- 1 12-15 lb. Turkey
- 1/4 cup orange juice
- 1 Tbs. lemon juice
- 1/2 cup butter or
margarine - melted
- 1 tsp. seasoned salt
- 1/2 tsp. paprika
- 1 cup rosé wine
- 1 small onion, halved
- 2 stalks celery - cut
in 2" pieces
- 1/4 tsp. onion powder
- Twine
- Sage Stuffing
Directions
Preheat oven to 325 degrees.
Wash the bird in warm water
and pat dry. Place on rack in roasting pan.

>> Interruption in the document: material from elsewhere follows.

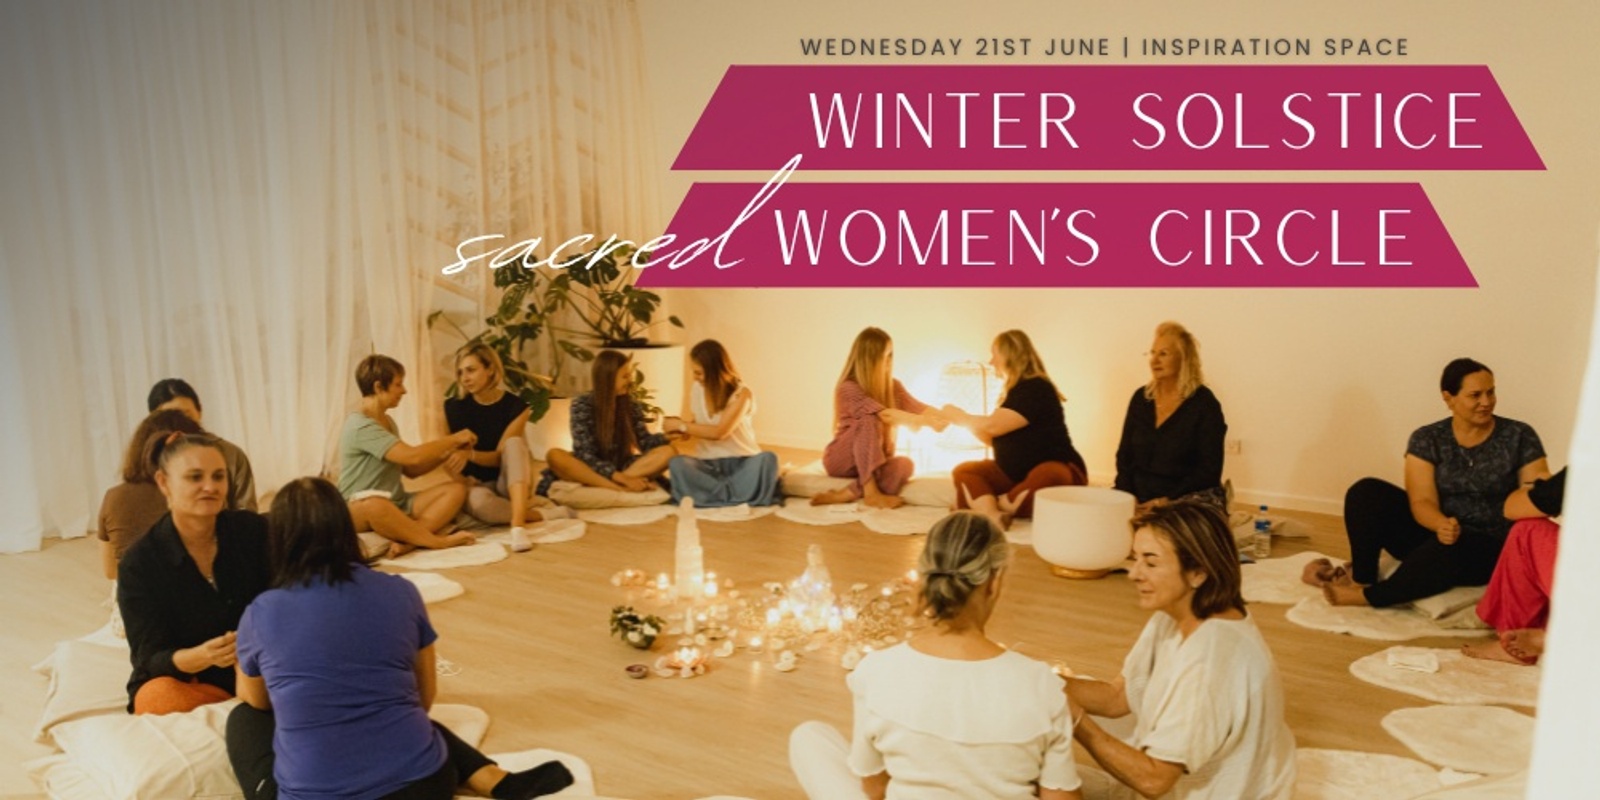 Banner image for Wednesday Tasters – A Sampler for the Soul | Winter Solstice Women's Circle (event by donation)

In body cavity place celery,
onion, and 1/2 cup wine. Using twine, tie legs together over
cavity. Tuck wings under, or skewer against sides of
bird. Brush bird with 1/4 cup melted butter. Insert meat
thermometer in inner thigh. Roast uncovered for 1 hour.
Combine remaining melted
butter and wine with orange and lemon juices, seasoned salt,
paprika, and onion powder. Use to baste turkey
frequently during remaining cooking time.
Roasting time varies
depending on weight of bird. Roast according to turkey
package directions, or until thermometer registers 180
degrees.
If bird begins to brown to
early, cover crown loosely with aluminum foil, removing to
baste then replacing.
Prepare Sage Stuffing in
separate dish and serve with turkey.